最も混雑している時間帯は8:05~8:14の10分間で、特に8:14着が混雑しています。これは、ここだけ4分間隔であることも原因でしょう。湘南新宿ラインが間に入る以上、若干間隔が開いていることは仕方ないでしょう。

では、車両ごとの混雑状況はどうなのでしょうか。ピーク60分について分析しました(表4)。

表4. 各車両の混雑状況(ピーク60分)

東海道線の混雑状況(平日朝ラッシュ時、川崎-品川、車両ごと)

最も混雑しているのは6号車で、7号車もそれに準じた混雑になっています。この他に、8~11号車もそれなりに混雑しています。逆に、1号車、14号車と15号車が比較的穴場です。最も混んでいる6号車は、最も空いている14号車のおおよそ1.3倍混んでいます。

コラム.公式発表との違い
公式発表では混雑率は191%とされています。一方、今回の調査結果ではそこまで混雑していません。その理由を探ってみましょう。

首都圏の混雑率の統計データを見てみましょう。そこをどれだけ探しても湘南新宿ラインはありません。それもそのはずで、湘南新宿ラインは東海道線と山手線を通ることになっています。この時間帯は湘南新宿ラインは3本運転(※)されていますが、輸送力からは除外されています。湘南新宿ラインにも多数の乗客が乗っているにも関わらずです。東海道線はピーク1時間に18本が運転されていますが、本当は21本と考えるべきです。すると、2018年度の混雑率の191%は163.7%となります。

※湘南新宿ラインのうち、東海道線(平塚方面)からやってくる列車の本数をカウントしています。横須賀線からの列車については、横須賀線のほうでカウントするべきものです。

では、本当にそうでしょうか。公式発表の輸送力にはグリーン車は入っていません。グリーン車の座席数は180席です。混雑率163.7%ということは、(1両140人とすると)1両あたり229人乗っていることになります。普通車は13両ありますので、1編成あたり229人/両×13両=2977人乗っていることになります。しかし、このうち180人はグリーン車に乗っていますので、普通車には2797人しか乗っていません。2797人を1両あたりの定員140人と13で割ると、153.7%となります。

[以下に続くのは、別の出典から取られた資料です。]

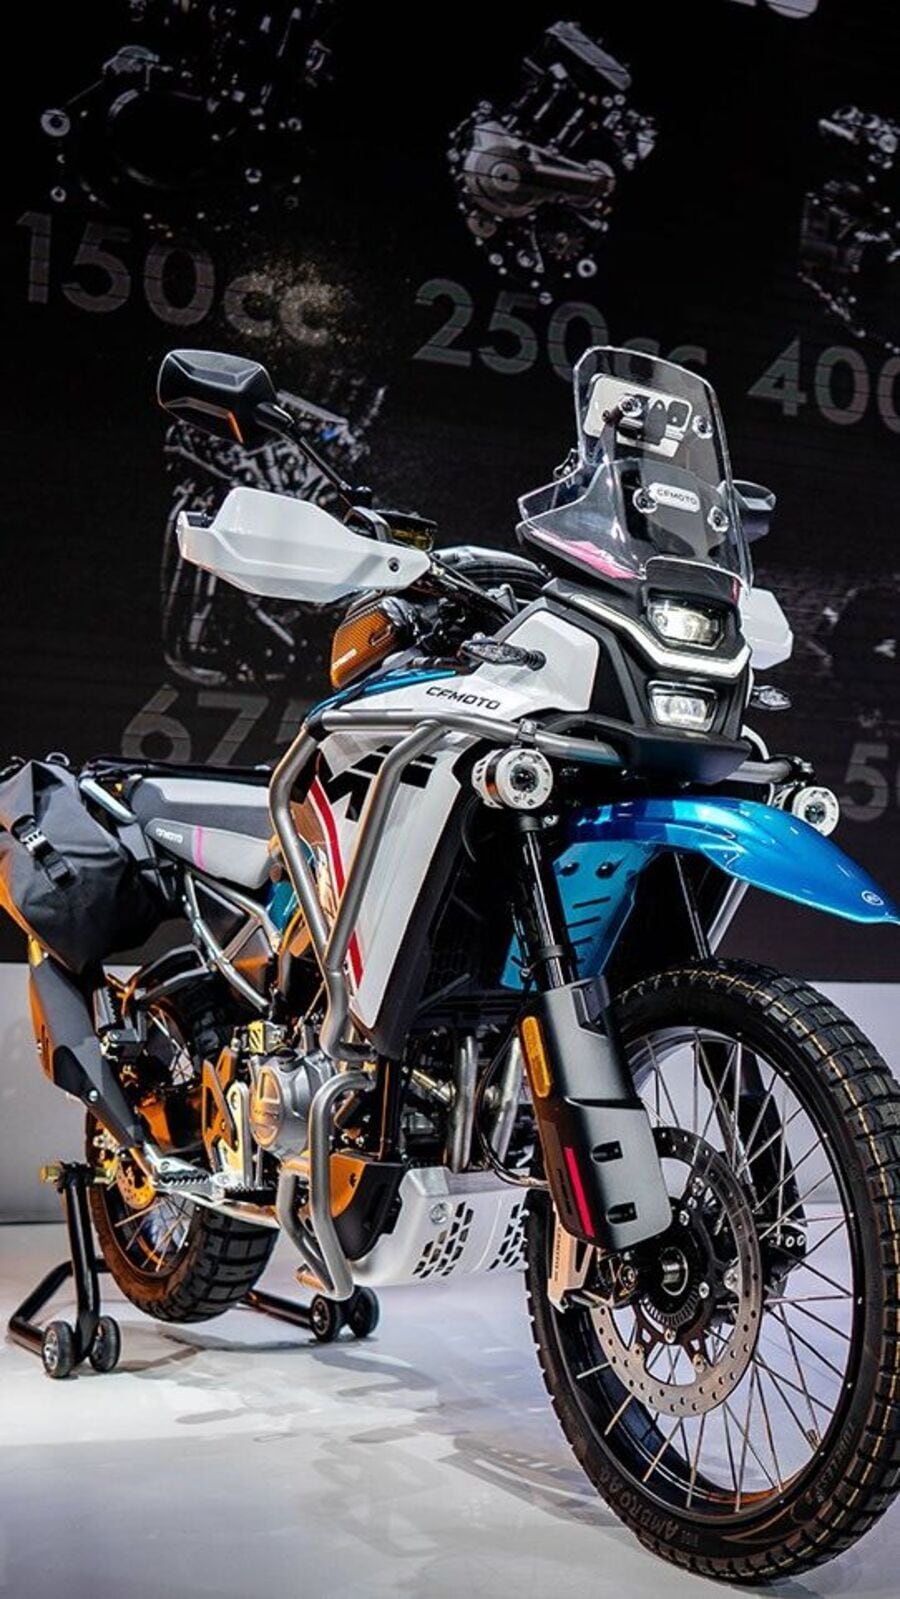 CF Moto 450MT is here to rival Royal Enfield Himalayan 450

これでもじゅうぶんではありません。東海道線にはライナー列車が数多く運転され、ライナーの定員も考える必要があります。ラッシュピーク時に運転されるライナーは4本あります(表5)。

表5. ラッシュ時運転のライナー一覧

湘南ライナー一覧(ピーク時運転ぶん)

185系ライナーが並ぶ(品川)

写真5. ライナーが2本並んだ(旅客線経由の手前と貨物線経由の奥、ただしこれらは7:40着)

湘南ライナーが3本、おはようライナー新宿が1本運転されています。これらの供給座席数は合計で3450席です。逆にいうと、3450人ぶん一般の列車が空いていることを示します。ラッシュピーク時には湘南新宿ラインを含めて21本ありますので、列車1本あたり164人だけ乗る人が少ないことを示しています。普通車の13両で割ると、1両あたり12人だけ空くことになります。定員が140人とすると、混雑率にして8.5%ぶんです。さきほど、153.7%と書きましたので、ここから8.5%を差し引いて、本当の混雑率は145.2%となります。

一方、現場での感覚では143%でした。この両者にはそこまで違いはありません。

ダイヤ案を考える

では、どのようなダイヤが良いのでしょうか。少し考えてみましょう。

長距離路線の東海道線という性質上、混雑率は130%以内が理想です。現在は湘南新宿ラインを含めて1時間に21本ですが、(湘南新宿ラインが通る新宿も含めて)終点がスルー運転が可能で、以前の車両よりも加速性能が向上しているので、1時間に24本運転は可能でしょう。このうち、4本が湘南新宿ラインに入り、残り20本が東海道線東京方面行きが割り当てというのが自然な姿です。そうすれば、混雑率は143.3%から129.0%にまで緩和します。そうすれば、かなりの快適通勤が可能です。また、湘南ライナーに使用される車両を2階建て15両(ただし普通車は転換クロスシート)とすれば、もう少しの混雑緩和も可能です。

また、将来的には羽田アクセス線を横浜方面に伸ばして、羽田空港を介して東海道線(貨物線)-りんかい線の系統を新設して、お台場地区に用がある人をこちらに横流しするという考えも必要でしょう。

(インターネットでの情報とは異なり)意外と通勤にゆとりのある東海道線。現状で満足せずに、少しでも所要時間を短縮し、混雑を緩和する方策を考え、実行してもらいたいものです。